From: Christian Geuer-Pollmann <geuer-pollmann@nue.et-inf.uni-siegen.de>
Date: Wed, 20 Mar 2002 12:41:21 +0100
To: merlin <merlin@baltimore.ie>
Cc: w3c-ietf-xmldsig@w3.org
Message-ID: <8223174.1016628081@pinkpanther>
Hi Merlin,

can you shortly give me a hint where I can find the "tree-based set 
intersect/subtract" model? I only worked with [1] in the past. Maybe I 
missed/overread an important part of the discussion. Is your proposal in 
[2]?

General question: From what I understood, the discussed transforms in [1] 
contain only one single XPath element which can either include or exclude? 
And only one of these Transform ops per Transforms sequence? Maybe that's 
my problem. I want to make include AND exclude operations on a given node 
set (include only the body but exclude the signatures in the body).

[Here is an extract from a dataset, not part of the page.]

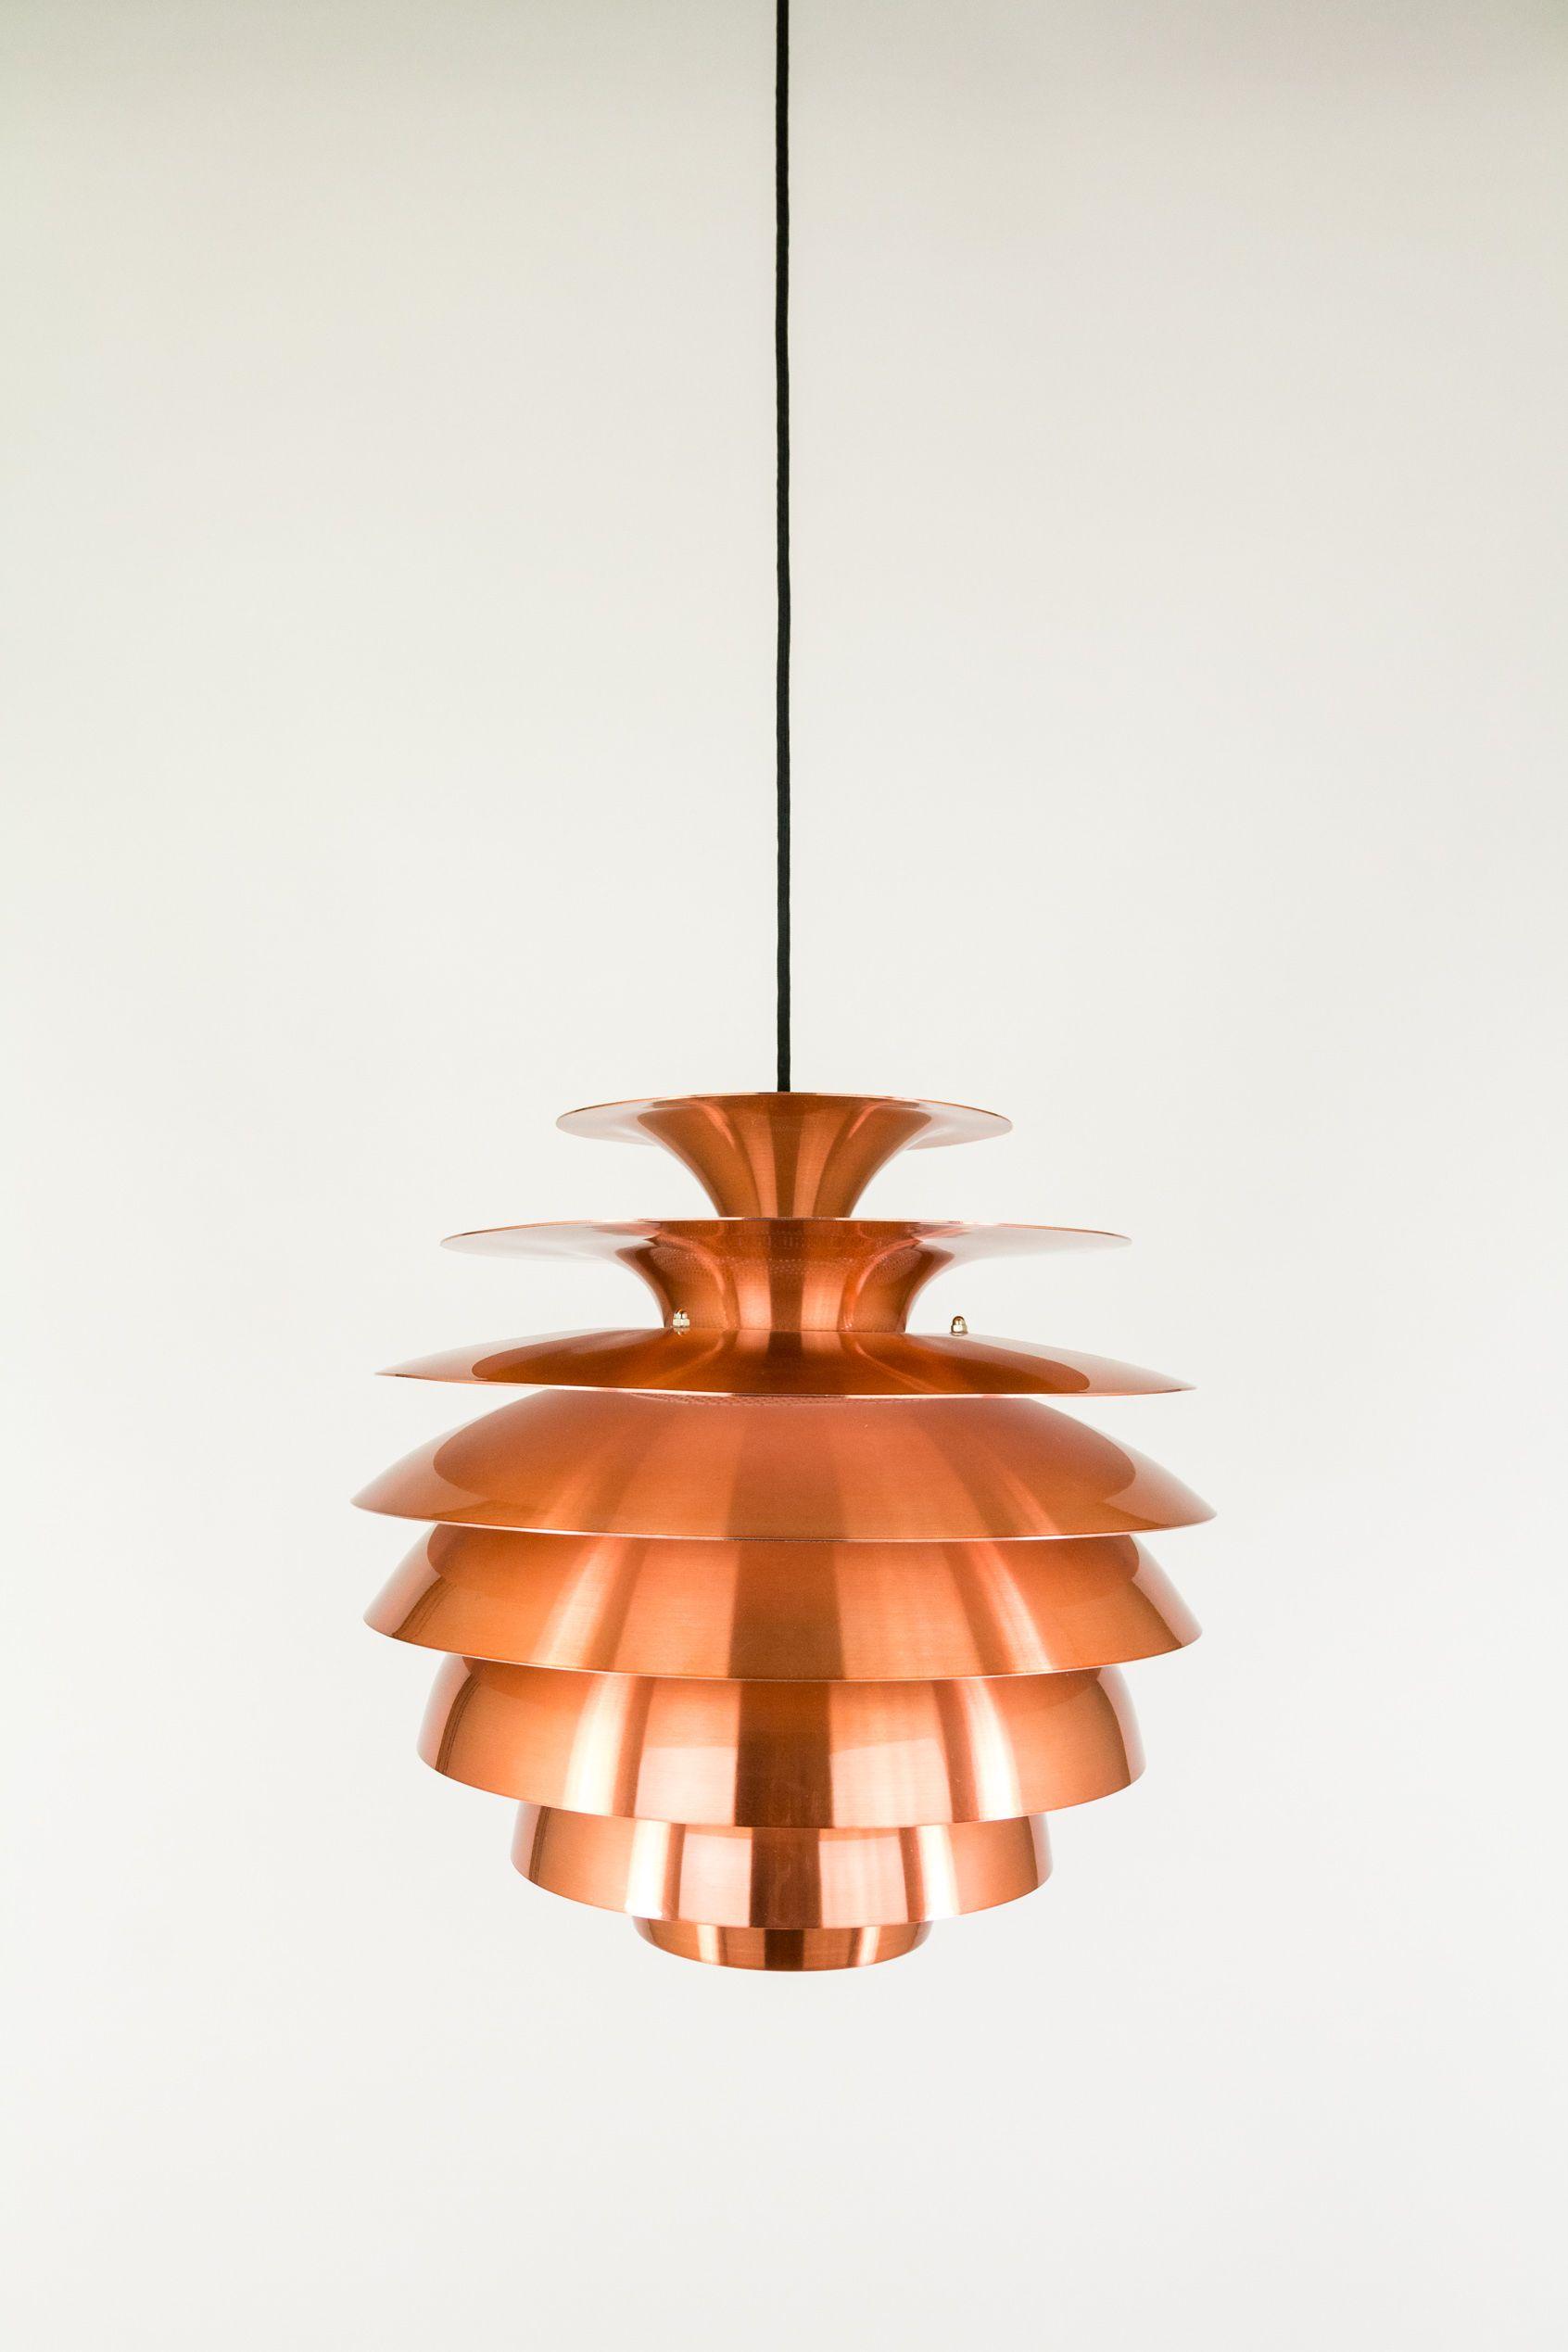 Copper Barcelona Pendant Manufactured By Danish Lighting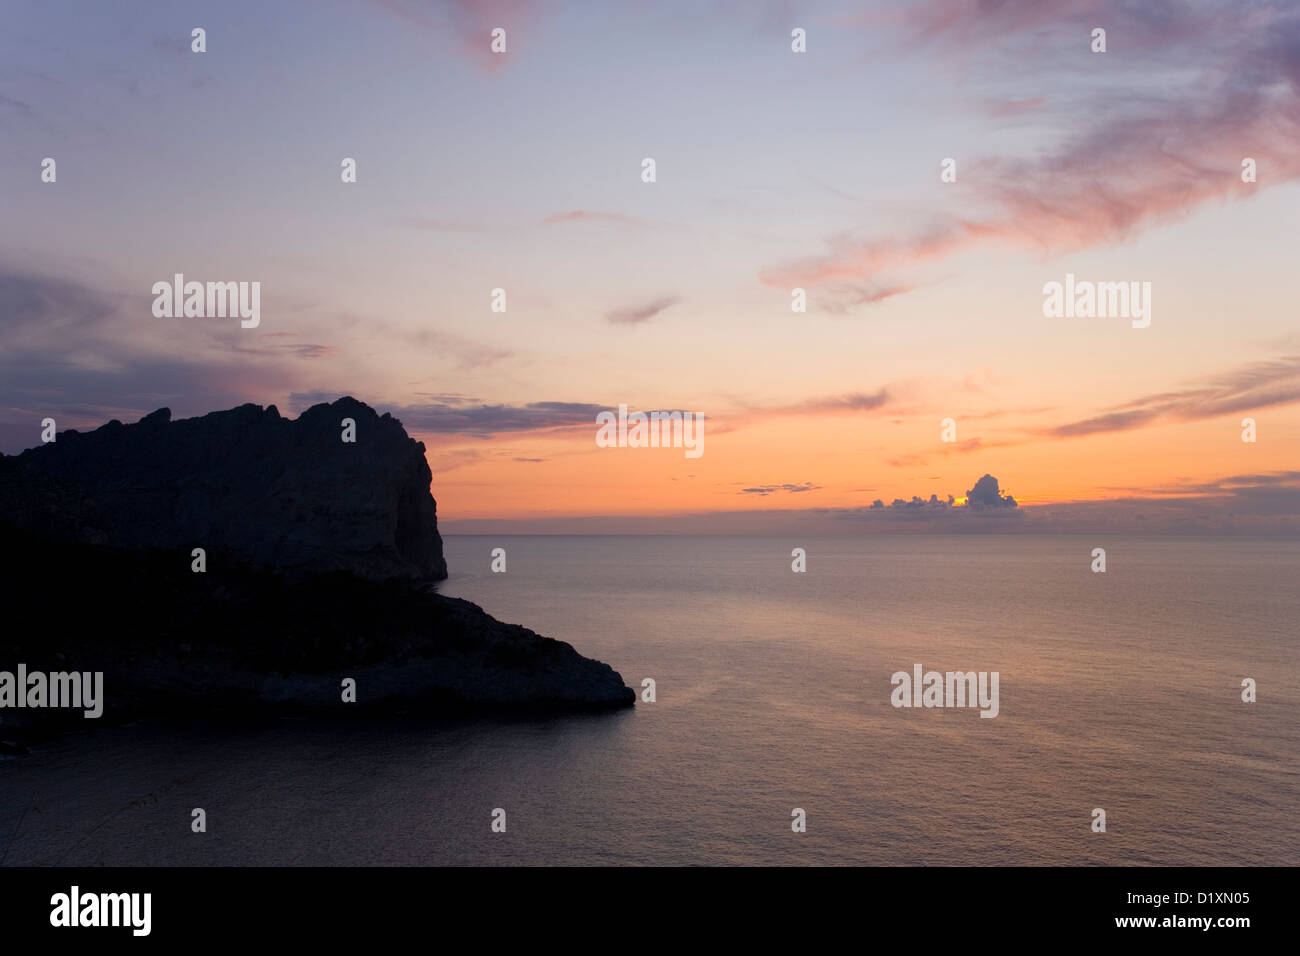 Port de Pollença, Mallorca, Balearic Islands, Spain. Pink sky over the Mediterranean after sunset, Formentor Peninsula. Stock Photo

And yes, you're right. The F/G/H sample in my illustration is very 
obfuscated and not the intend of my transform. I just included it to show 
that even such esoteric things would be possible (but should not be used).

> Admittedly, it allows operations such as exclude an element in
> the middle of a tree, but include its children ("H" in your example),
> but I don't think that these features are compelling.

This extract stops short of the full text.